How to Download the Corpus
You can download individual files or entire folders. If you download an entire folder it will be download as a .ZIP file, which will save you bandwidth and time. Using the shared Dropbox folder link, you are brought to the main OCAD folder. To download a folder, click on that folder to enter it and then click “Download” in the top right hand corner. To download individual files, click on the files. You should make sure to download the .WAV, .EAF, and .PFSX files for each recording that you would like to use. You can download all of OCAD simply by clicking “Download” when at the main folder (where you start).
How to Use the Corpus
The corpus is designed to be useful for those who want to use regular expressions to search for certain types of linguistic patterns (in glosses or content language data or both) across all of the files of the corpus or a subset of them. This is enabled by the search functions of ELAN, and is further embellished by the use of Praat.

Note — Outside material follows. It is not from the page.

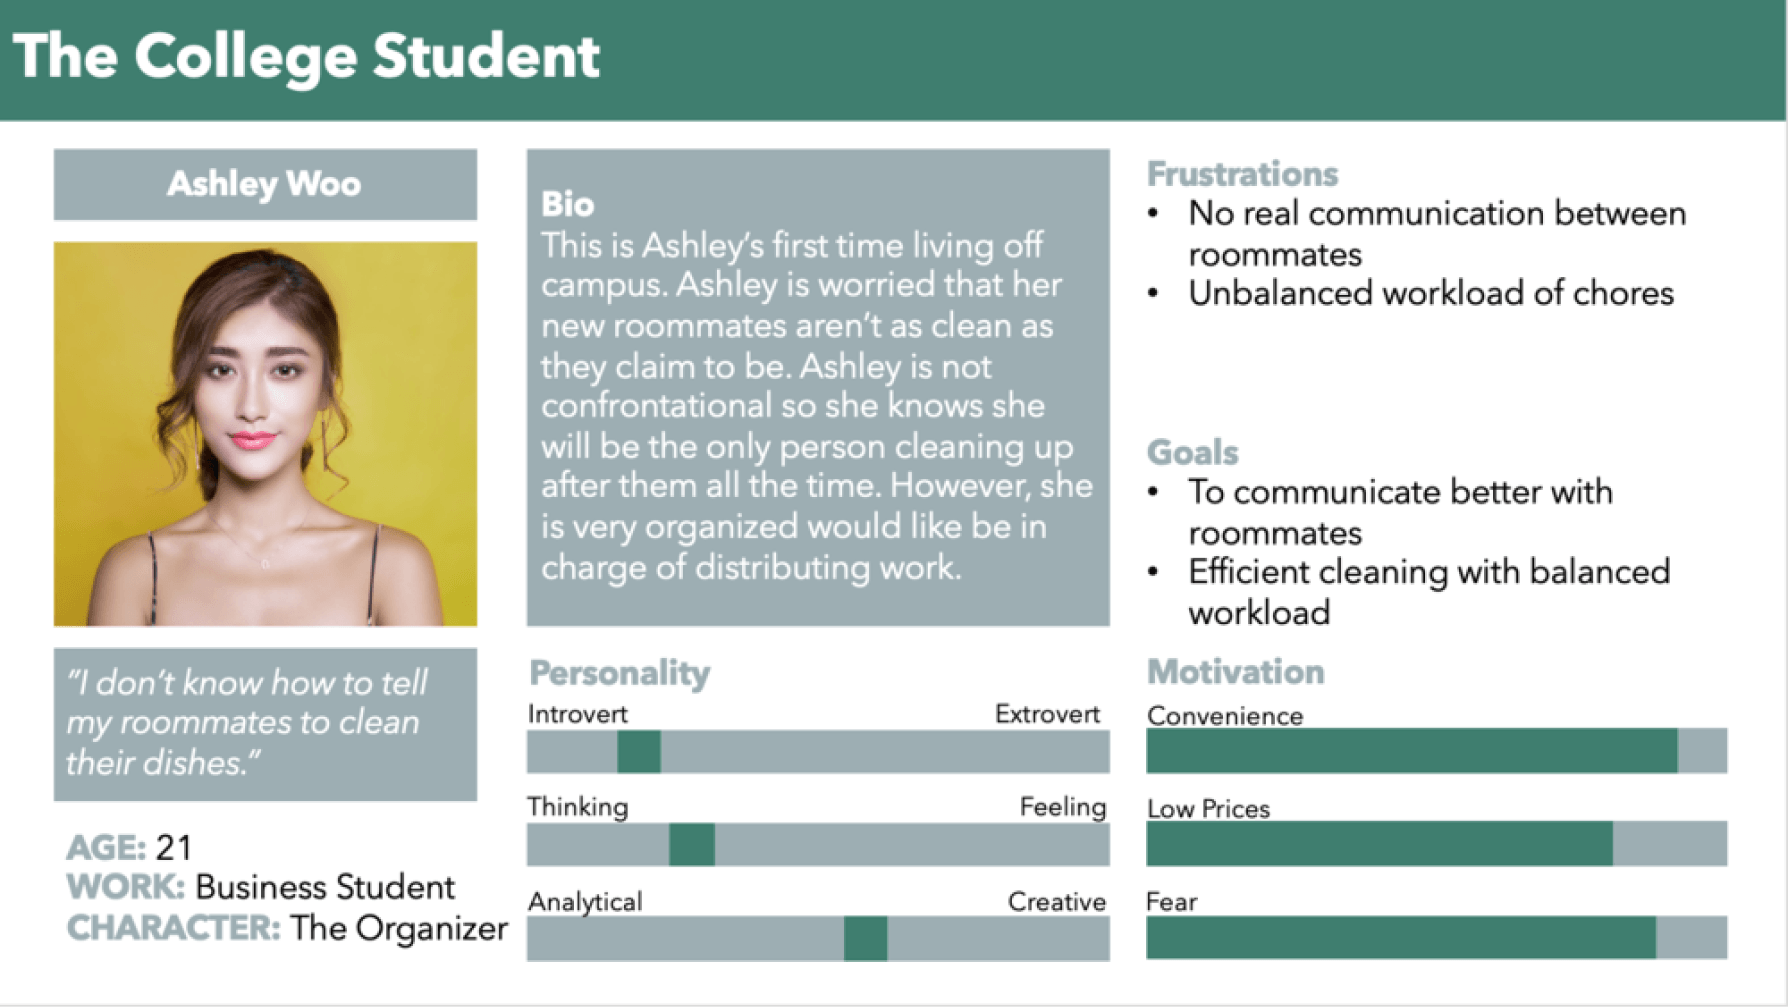 Ashley, our persona. She is a freshman college student getting adjusted to her new life in college.

After searching for a given pattern, you can open an example of that pattern in ELAN and then open that same audio selection in Praat, giving you instant access to detailed phonetic analysis tools.
If you would like to look at an individual recording, simply open the .EAF file using ELAN. If the audio is not properly linked to the .EAF file, click on Edit > Linked Files… and locate the .WAV file manually to link it.
To search across multiple files, open ELAN and click Search > Structured Search Multiple EAF… > Define Domain > New Domain. Select all of the files you would like to search across (you can also define subsets of the corpus, e.g. wordlists, or all files of a certain speaker, etc.). Click OK, and give a name to the domain you have defined. For a basic search, click the tab Single Layer Search and choose a tier type or name in the drop-down menu on the right. Click on the drop-down menu that says “substring match” and choose “regular expression.” Type the data you would like to search for in the white text box and then click Find.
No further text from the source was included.